Editor’s note: A coronavirus pandemic that saw some of the first cases in the Keys in March changed life in a way no one could have imagined. A checkpoint kept visitors away from the island chain for a time, affecting many jobs, from servers to hoteliers. Policies were changed to address coronavirus spread in the community. Ultimately, the Keys reopened to visitors as workers in the tourist industry returned to work. Each week, the Weekly will highlight a local who spent some time to share their 2020 year. This week, Charlotte Twine met up with Jesse Hayes, 37, who is a commercial fisherman for lobster and stone crab based out of Islamorada.
Describe the year 2020 in one word. (Long laugh.) Aw, Jesus. One word? Give me a second please. I’ll come back to it.

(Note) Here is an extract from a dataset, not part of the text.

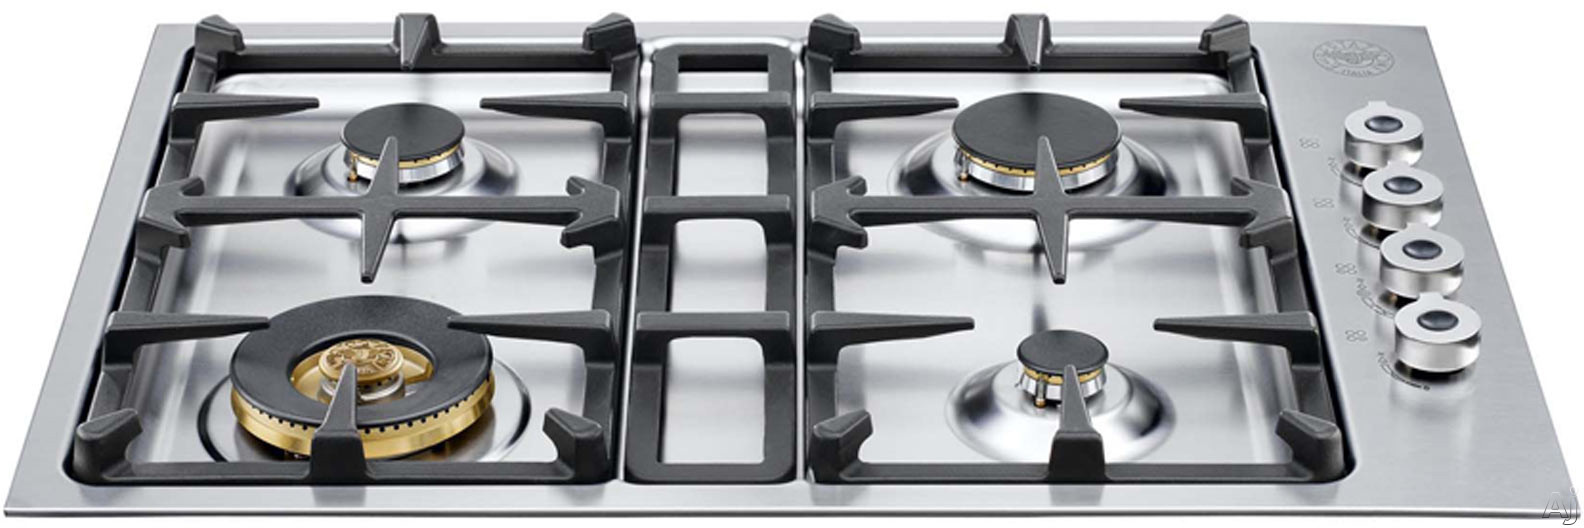 Pin On Kitchen Appliance

Okay. But why is 2020 so difficult to describe? It’s been so f—— chaotic. Like for business. Between the trade wars and the coronavirus, obviously. Those are two big factors. My business has faced a lot of attrition this year. It seems to be coming from all angles, really. The industry itself doesn’t have too many friends these days. Primarily, the lobster industry is supported by Chinese markets. When the trade wars started and they started slapping more and more tariffs on American seafood imports, they basically handicapped our industry. I mean, we opened up at four dollars a pound for lobster this season; that’s just awful. At the end of the day, with all this monkey business with our fisheries, you pay more for a cheeseburger than a goddamned lobster, which seems backwards from any angle.

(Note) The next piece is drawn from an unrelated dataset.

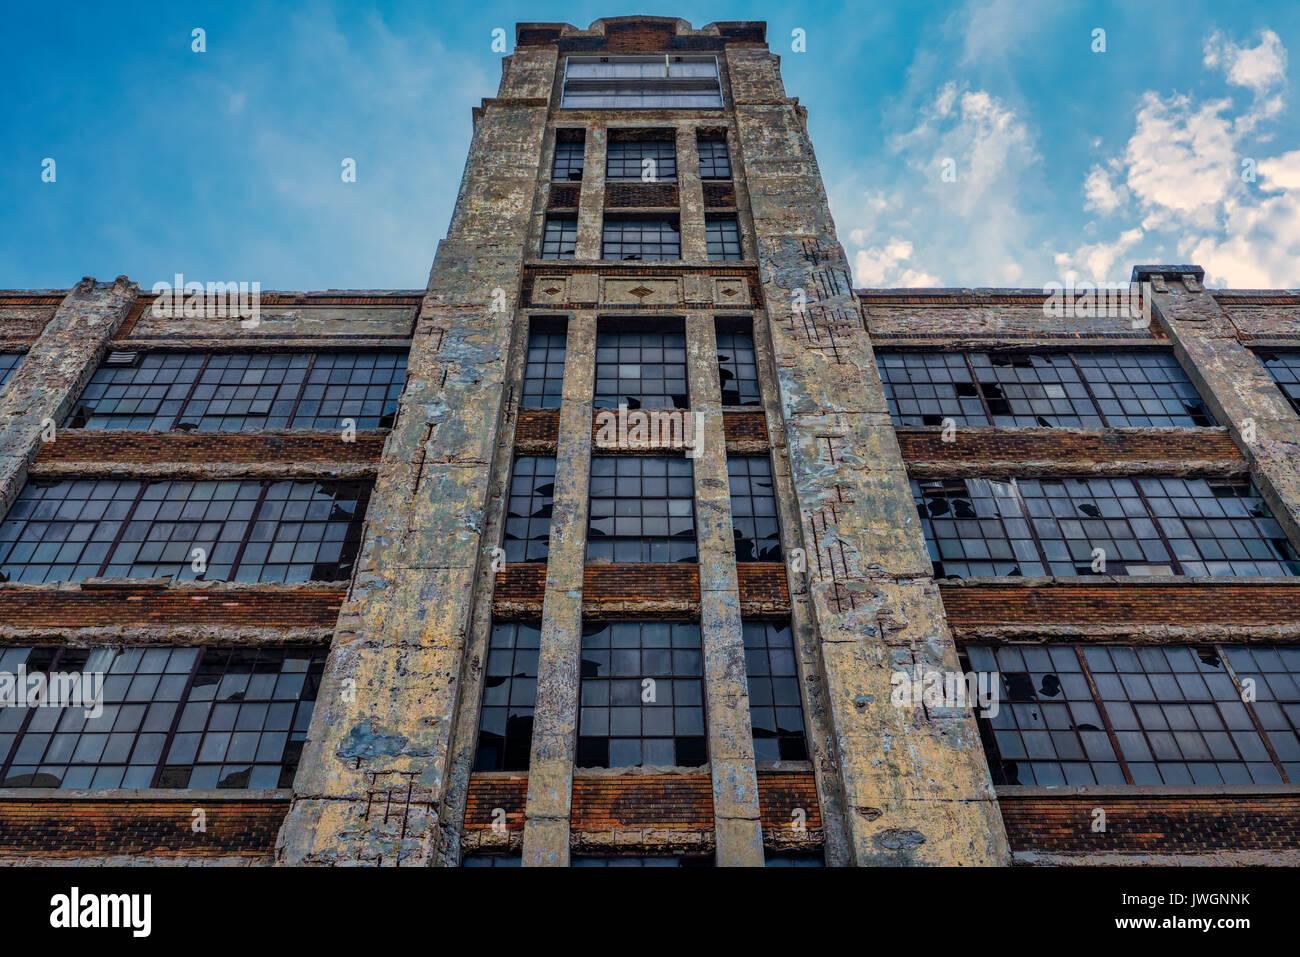 Wrecking Ball Building : Wrecking stock photos images alamy

What was your worst moment of 2020? There have been a lot of those. (Laughter) The absolute worst? (Sigh.) I was scheduled to go to Alaska, where I’m from. This was scheduled a year in advance. It was October 10. The day before I was leaving, I was really anxious. I didn’t wanna think about that: Do I just go to my best good buddy’s wedding? Do I try to play it safe and wear a mask, do the distance thing, regardless of how difficult that may be? The day before I was leaving, my mom tested positive, and all these tests from my circle were testing positive. So I’m going up there, and I’m not going to be able to see anybody? Why? To show my buddy I love him? That’s not very realistic. So I canceled the day before. That was certainly stressful.
Do you know anyone who got sick from COVID-19? Oh, yeah, plenty. Half my family in Anchorage. One of my brothers still has some lingering after-effects. He has a hard time doing anything for more than an hour before he has to lay down. He’s in his thirties.
Do you know anyone who died from COVID-19? Yes. In Anchorage. A guy in his 60s I used to drink with occasionally. A guy in his 50s I used to go bird hunting with. I have an aunt in her 60s who’s in the hospital right now, and things are improving but not looking good.
Did you experience financial stress in 2020 due to the pandemic? Of course. Yeah. The seafood market over all just s— the bed when COVID broke out. The stone crab market went from really strong overnight to shutting down. I’m fortunate that the fish house took the best care of its fishermen that it could.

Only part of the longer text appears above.